Battle continues for non-medical profs facing discrimination; court hearing on-

While the case of the National MSc Medical Teachers’ Association (NMMTA) candidates is still pending in the Delhi High Court, non-medical individuals continue to face significant challenges in the workforce. They allege being terminated arbitrarily or deemed unfit for professor positions in medical colleges, which they describe as ‘academic apartheid.’ 

On October 31, the NMMTA association shared a screenshot on X (formerly Twitter) that highlighted the plight of an assistant professor of Microbiology. In their statement, they underscore the issue, stating, ”When the regulatory body itself practices academic apartheid as a policy, it emboldens non-clinical medicos to aggressively participate in it at their level….The government is more concerned with petty politics than with implementing reforms…We can only ask our members to stay hopeful.”

In the shared screenshot, an assistant professor pleads with NMMTA for assistance as the Head of the Department (HoD) at their institution has been making negative statements about them. When EdexLive reached out to the individual, they spoke anonymously, stating, “We have been responsible for delivering lectures, conducting practical labs, and handling emergency duties. However, the HoD consistently makes statements suggesting that MSc and PhD professors are unsuitable for microbiology and should be replaced by MDs.” They also emphasised their need for written guarantees to feel more secure in their jobs.”

Looking back at the issue
To recap, in 2020, the National Medical Commission (NMC) reduced the permissible percentage of non-medical teachers in medical colleges to 15% from the previous 50% in Biochemistry, 15% from 30% in Anatomy and Physiology, and entirely removed them from the earlier 30% limit in Pharmacology and Microbiology.
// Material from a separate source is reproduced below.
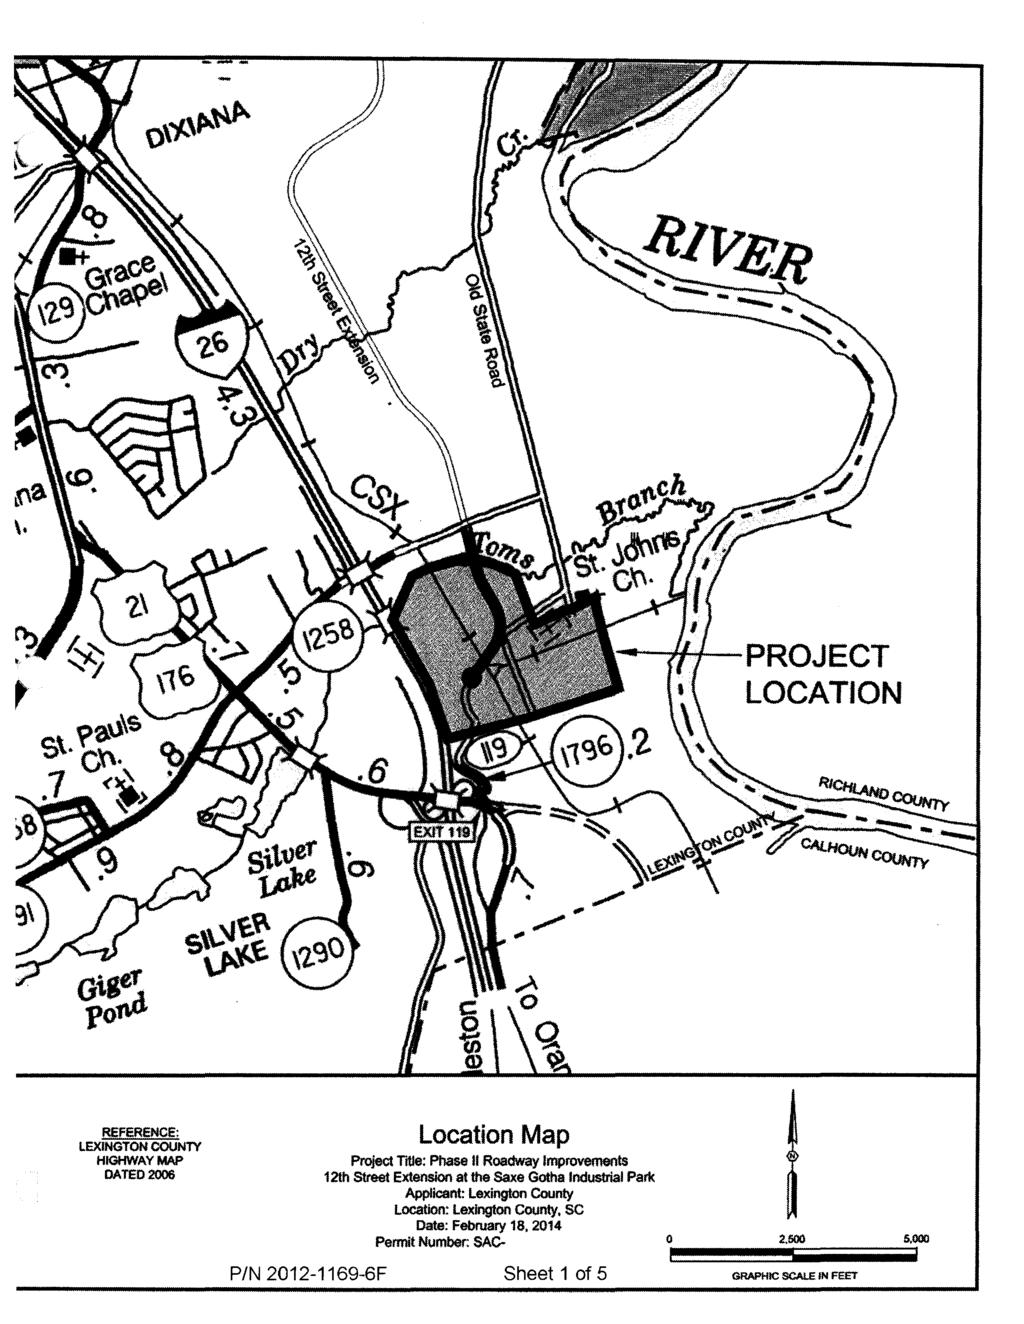 ...,..._-+#-+-_PROJECT LOCATION REFERENCE: LEXINGTON COUNTY HIGHWAY MAP DATED2006 Location Map Project Title: Phase II Roadway Improvements 12th Street Extension at the Saxe Gotha

Nevertheless, the notification included a clause stating that already employed candidates would not be affected. Dr Sridhar Rao, the former President of the NMMTA, claimed, “That is merely a saving clause. In practice, no one is adhering to it, and each college interprets these rules in their own way,” adding, “We lack godfathers to champion our cause, and our numbers are small, so the government is not inclined to act.”

The NMMTA has appealed previously, both to NMC and the Ministry of Health and Family Welfare, where the latter acknowledged their state and increased the reservation for MSc/PhD scholars from 15 to 30 per cent. Yet, the former president of NMMTA says that despite the Union Government having a final say on matters, the NMC did not follow the norms despite submitting an affidavit to the Delhi High Court. 

Furthermore, on August 1 of this year, the NMC revised and implemented the Competency-Based Medical Education Curriculum (CBME) Regulations for 2023. These regulations stipulate that non-MBBS degree holders teaching at medical colleges cannot serve as examiners. NMMTA General Secretary Dr Ayan Das states that this goes against the basic idea of the teaching-learning process, as it is a known fact that faculty members are appointed as examiners. He also points out that the NMC’s rules have dwindled job opportunities for faculties like him who cannot switch jobs due to the percentage reduction and are instead exploited in their current positions since they have no alternative.

The former President of NMMTA, Dr Rao, alleges that in an online meeting, the President of the UG board of NMC verbally instructed medical college deans and principals to exclude MSc and PhD candidates from teaching, even though this lacks a legal basis. “Ever since NMC introduced the new regulations, the plight of non-medical professors has only worsened, especially those in the Microbiology and Pharmacology departments. They are being terminated, especially if they were hired on a contractual basis, and they are facing discrimination,” he laments. 

As the NMMTA’s continue their court battle, the non-medical professors continue to face discrimination in their colleges. In a tweet, they state, “Our petition has been languishing in the Delhi High Court since 2020, thanks to the dysfunctional judicial system.” Their next hearing is tomorrow, November 9.